Task objective
The expected output is the full set of entries, printed exactly, without pictures.

[Recorded data]
● ● ●

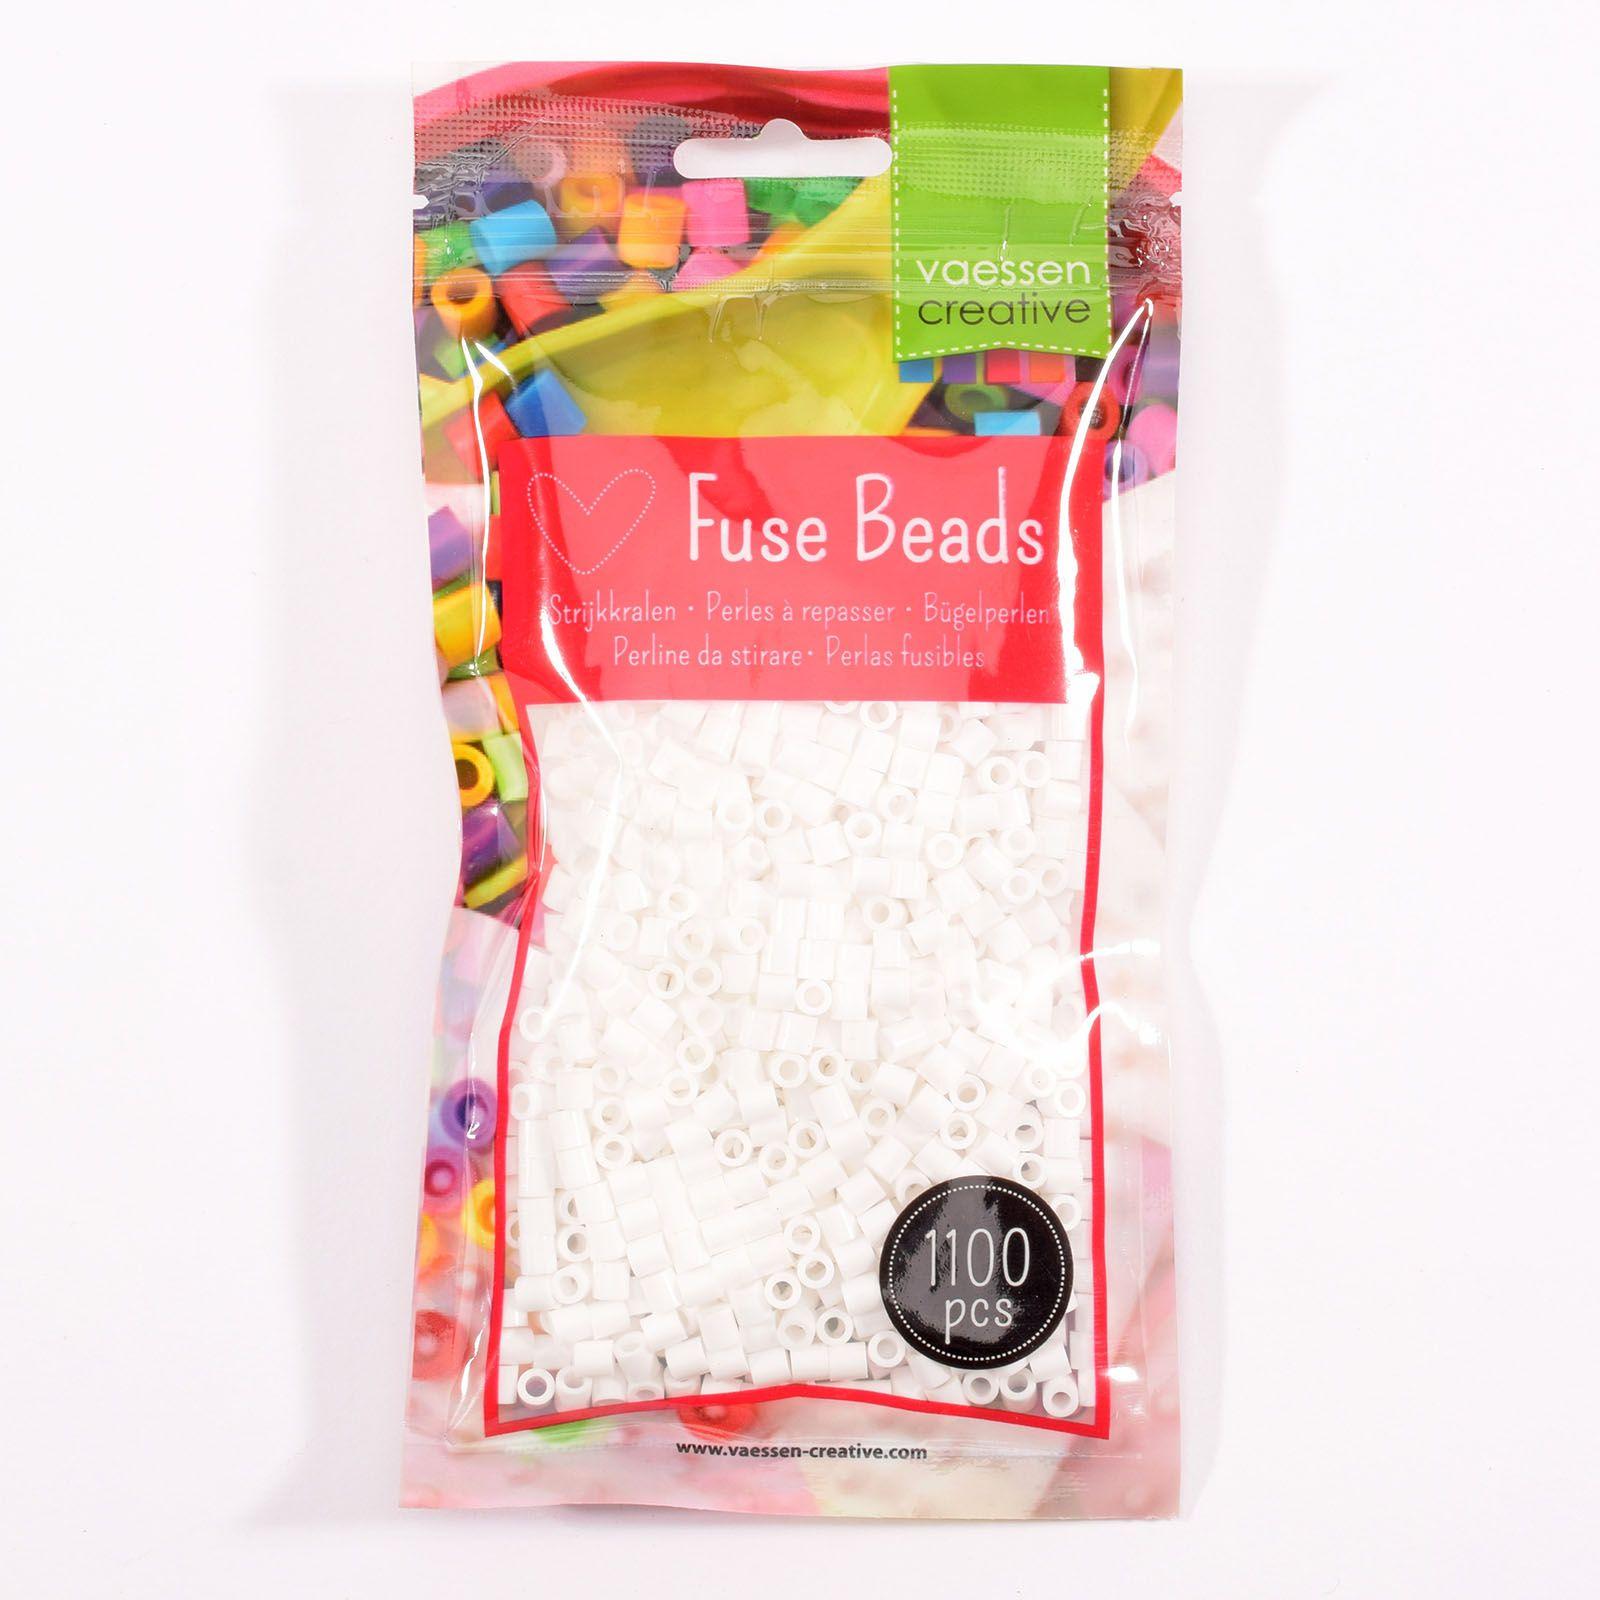 Sachet de 1100 perles à repasser - Ø 5 mm coloris blanc
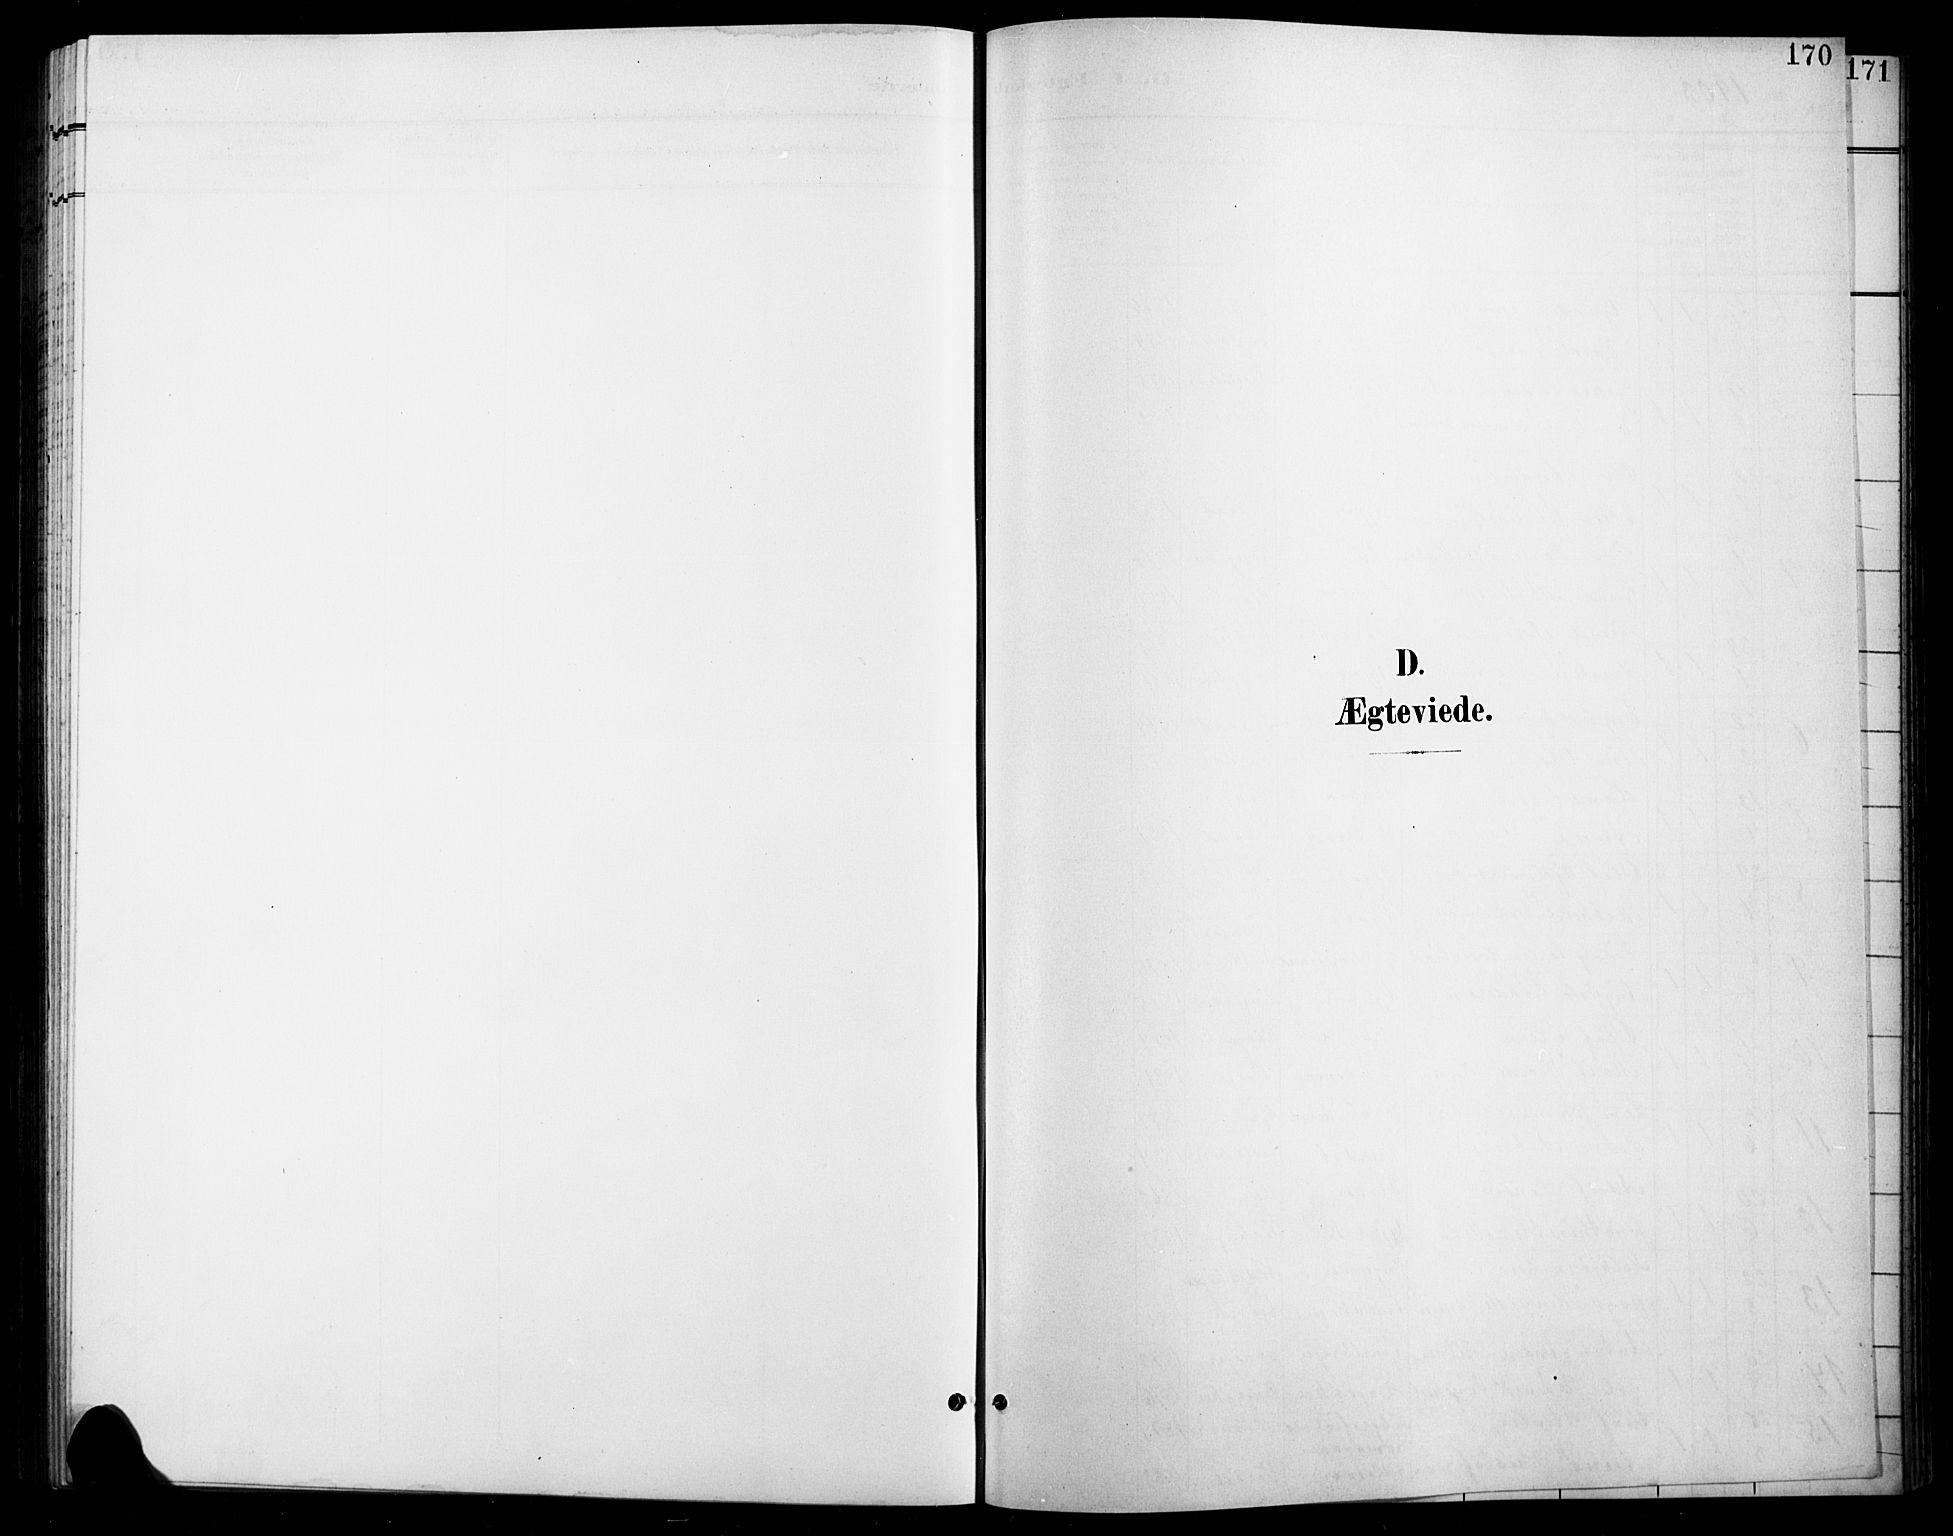 SAH, Vardal prestekontor, H/Ha/Hab/L0012: Klokkerbok nr. 12, 1902-1911, s. 170
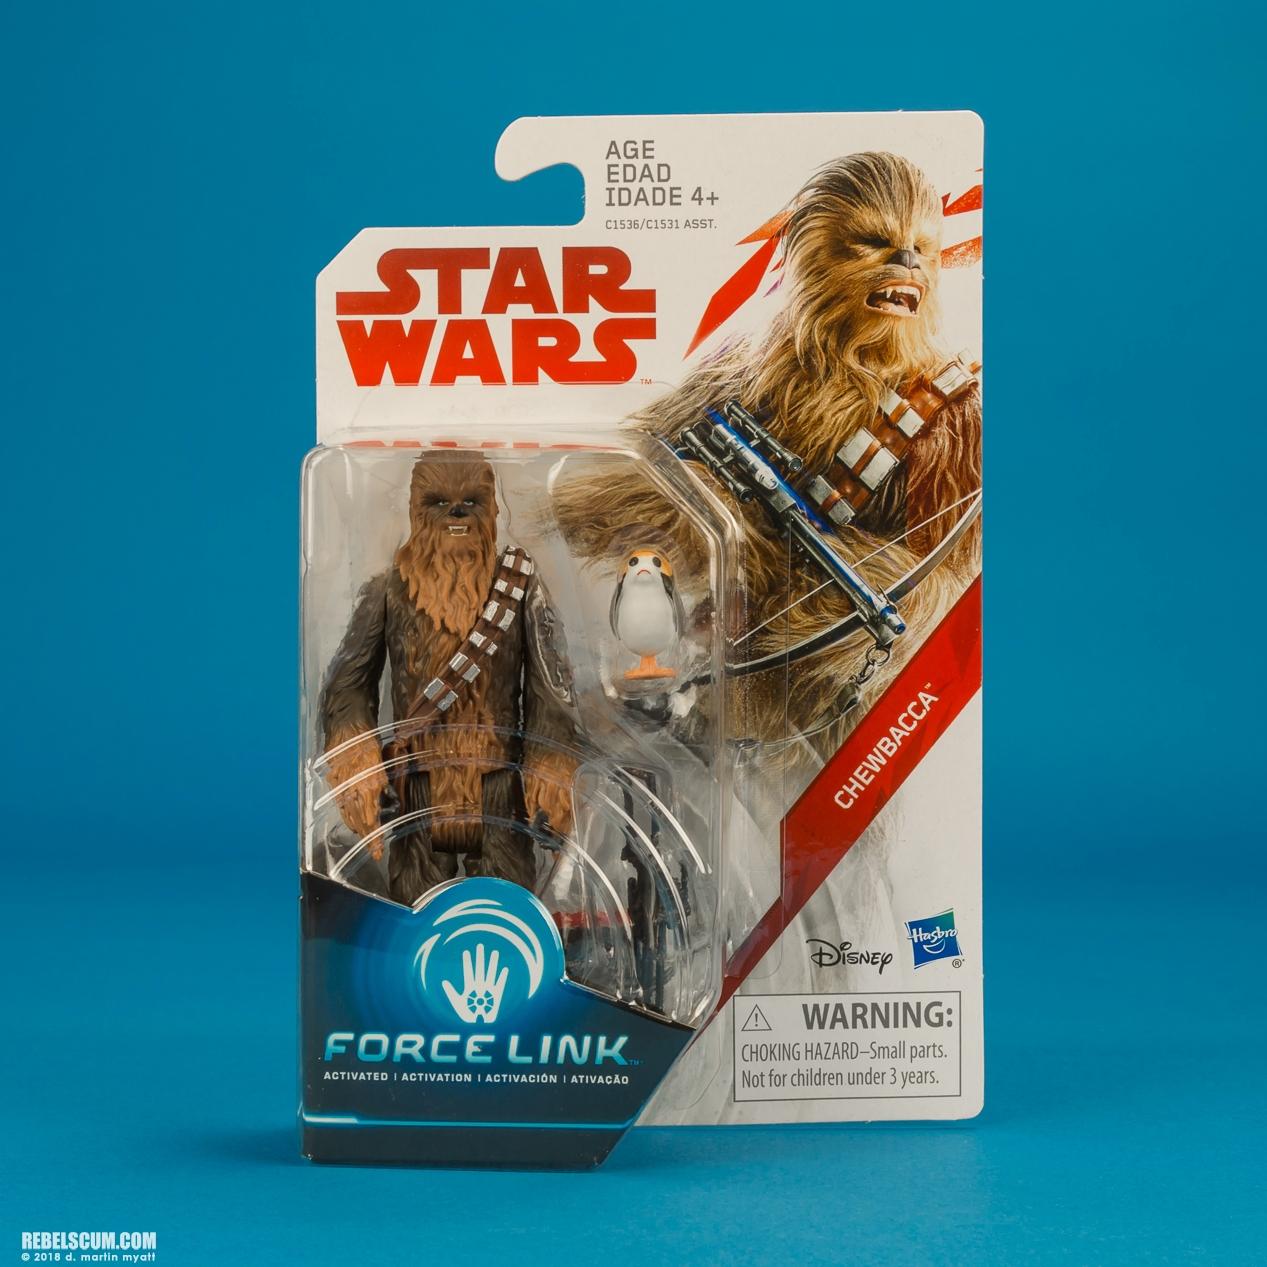 the-last-jedi-star-wars-universe-chewbacca-porg-variation-001.jpg
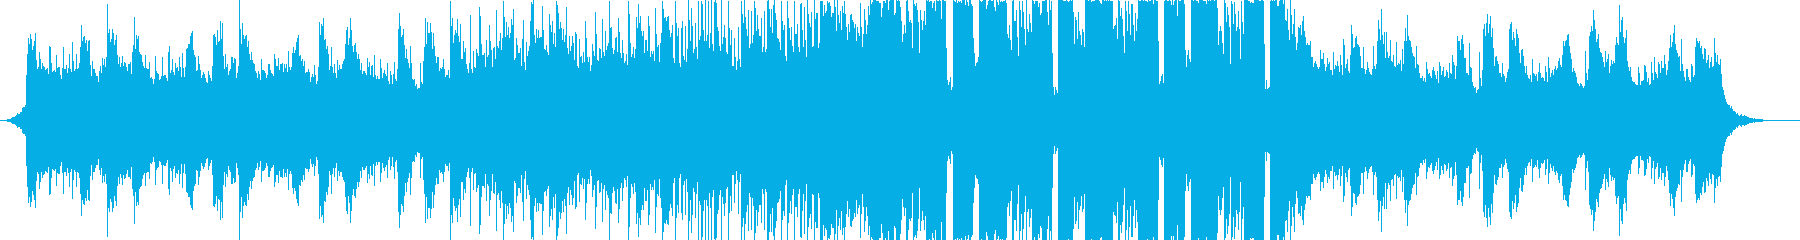 Future Bass 2の再生済みの波形
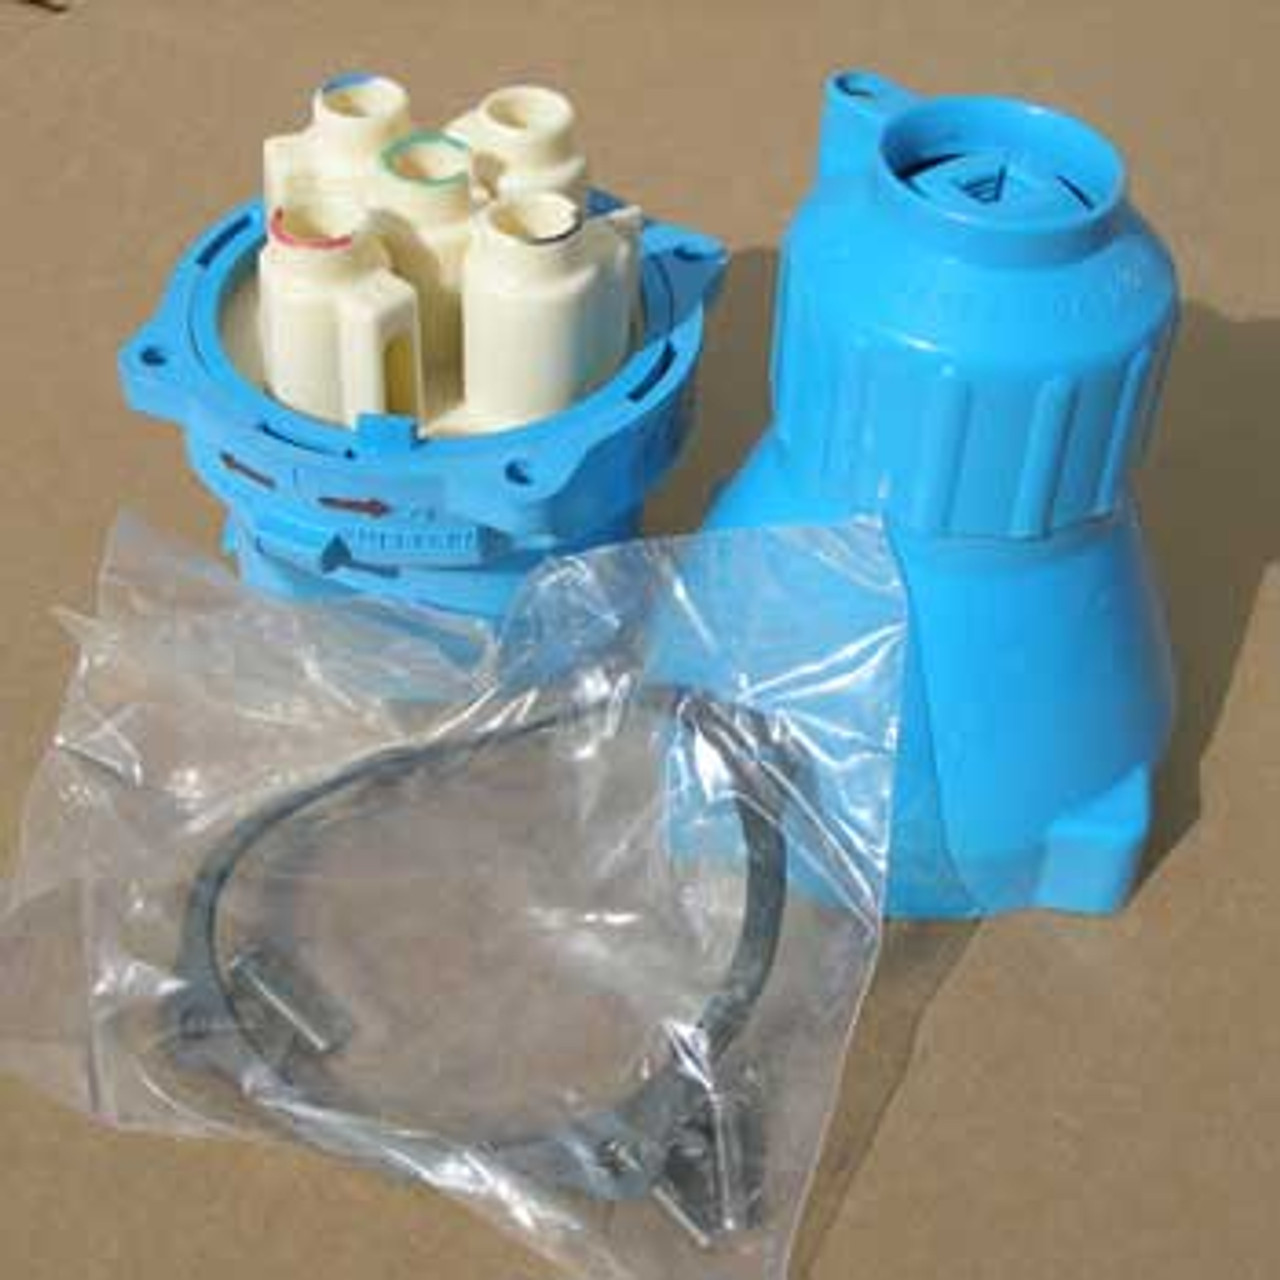 Meltric 31-61243 90 Amp 480 Volt Plug, Type DR

● ● ●

Task answer
 Sachet de 1100 perles à repasser - Ø 5 mm coloris blanc
 SAH, Vardal prestekontor, H/Ha/Hab/L0012: Klokkerbok nr. 12, 1902-1911, s. 170
 the-last-jedi-star-wars-universe-chewbacca-porg-variation-001.jpg
 Future Bass 2の再生済みの波形
 Meltric 31-61243 90 Amp 480 Volt Plug, Type DR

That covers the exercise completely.